— Это действительно тяжело. Едва ли кому дано испытать…
— Но я это чувствую. И думаю, что очень благородно с твоей стороны заботиться о ней. Не каждый мужчина решится содержать в доме помешанную сестру жены.
— Возможно, ты в чем-то права, — его глаза пристально изучали ее лицо. — Когда я сказал, что тростью пользуется Ливви, я предполагал, что воспитание не позволит тебе прямо спросить ее об этом. Мой расчет оправдался.
— Спасибо, Джеффри. Однако у меня и в мыслях не было… Скажи, ведь Диккенс знала обо всем с самого начала?
— Разумеется. Мод нужно было кормить, одевать, заботиться о ней. Диккенс превосходно справлялась со своими обязанностями.

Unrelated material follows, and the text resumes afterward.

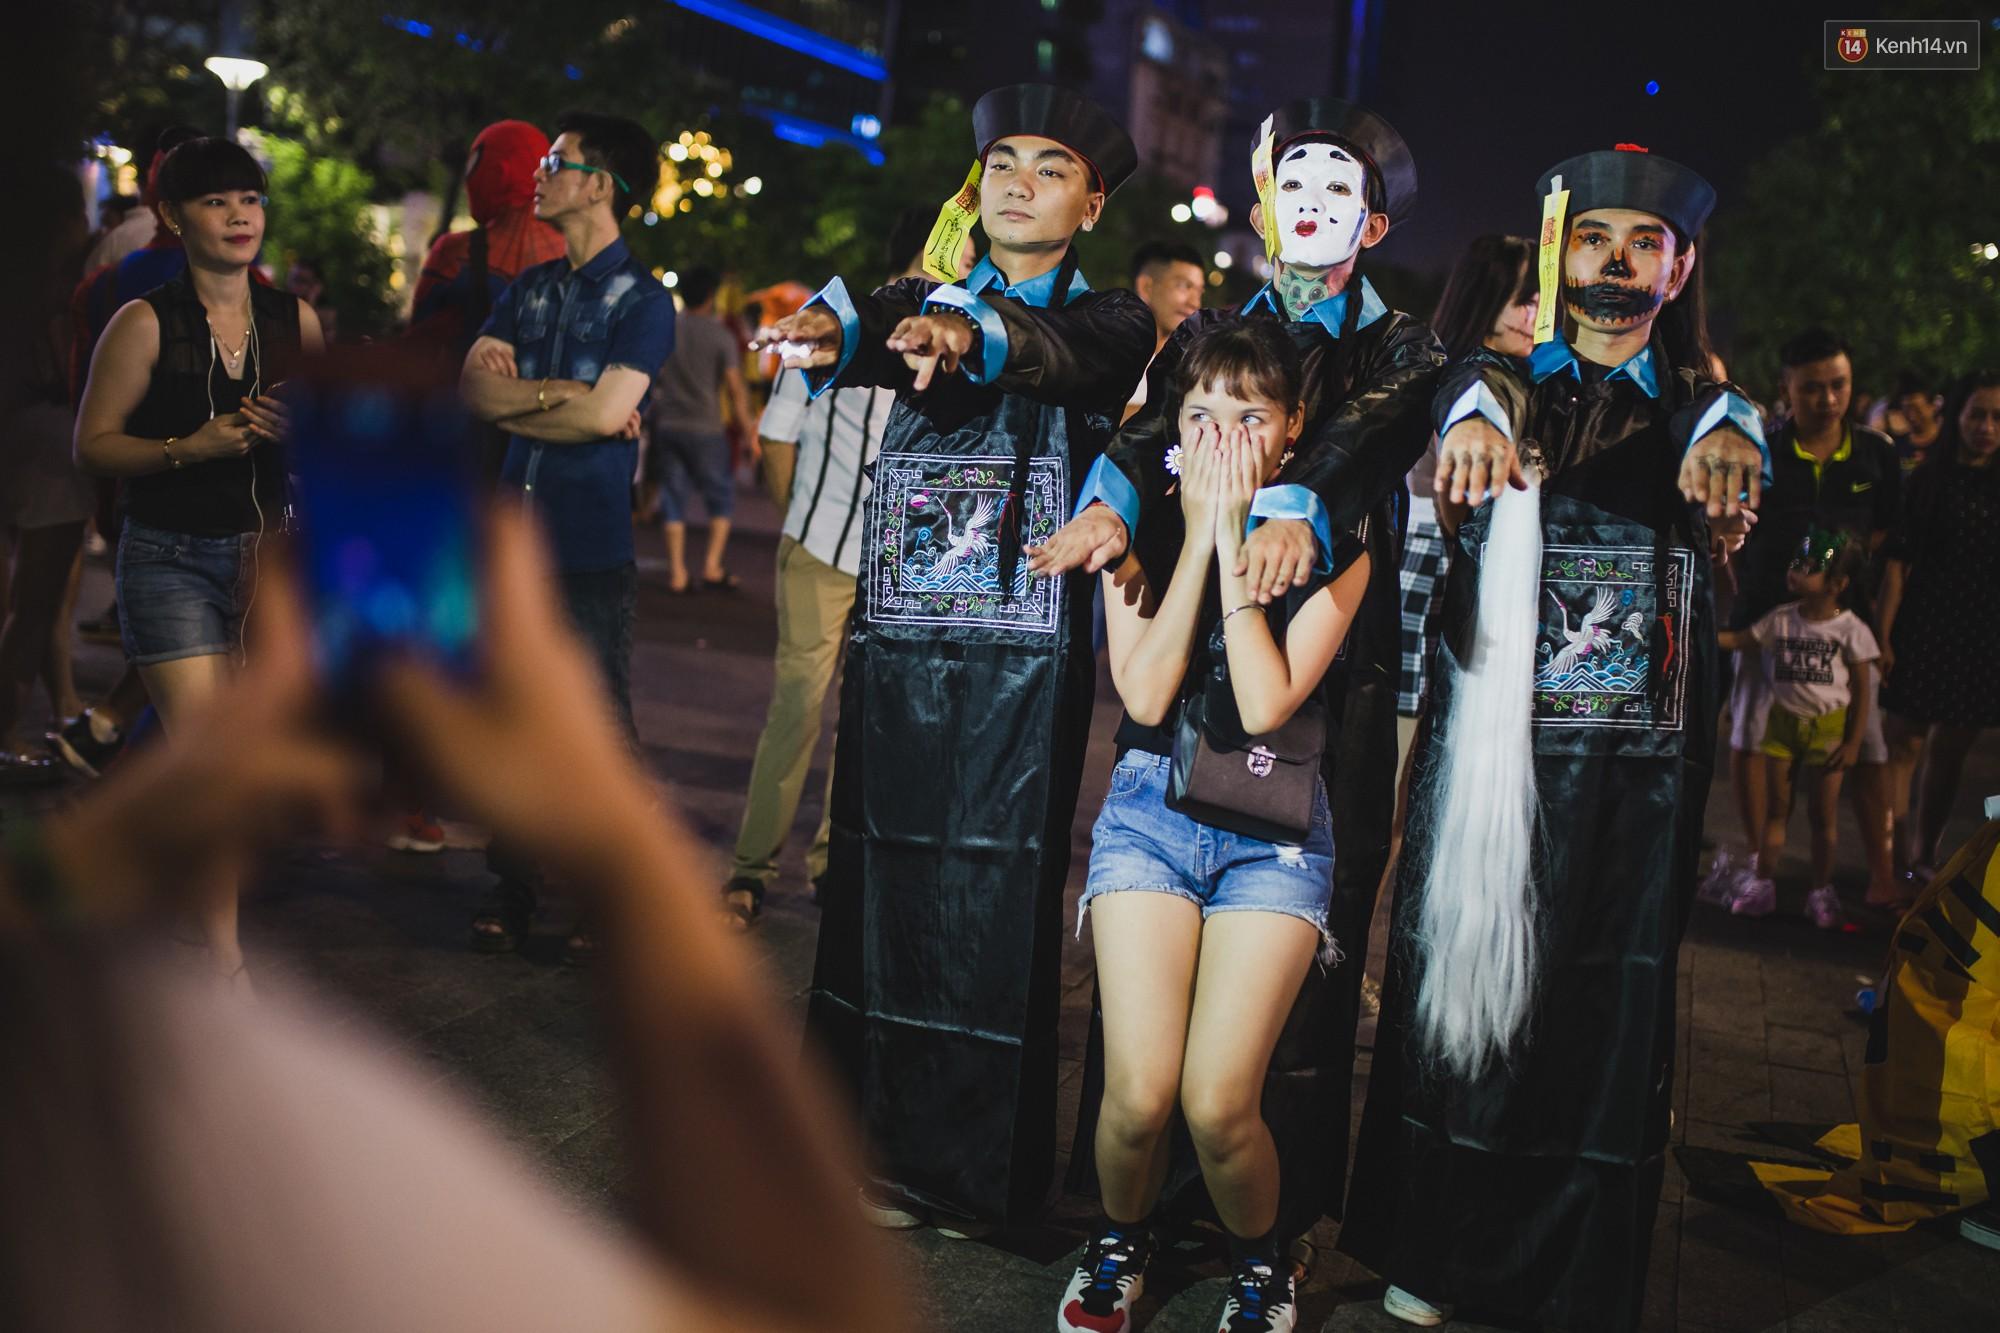 Hà Nội và Sài Gòn tràn ngập ma quỷ đêm Halloween: Từ cương thi, vô diện đến phù thủy tưng bừng xuống phố - Ảnh 11.

Я уже говорил, что она незаменима для Челси-Саут.
— Ей можно доверить тайну. Я даже не подозревала, что она что-то скрывает. Не хочу быть любопытной, Джеффри, но каким образом Мод покинула мою комнату незамеченной? И как вошла сквозь закрытую дверь?
Он болезненно вздрогнул; тревожное выражение вновь исказило его черты.
— Потайной ход. Дом старинной постройки, и каждая эпоха наложила свой отпечаток. До того вечера я не знал, что в твою спальню ведет еще одна дверь. Когда Мод побывала у тебя, я осмотрел стенные панели и обнаружил полость за одной из них. Скрытые полозья позволяют бесшумно отодвигать ее в сторону. Не зная секрета, невозможно ничего заметить. Мне стало страшно, когда я подумал, что безумица могла поранить тебя. С этого дня я запирал ее в комнате.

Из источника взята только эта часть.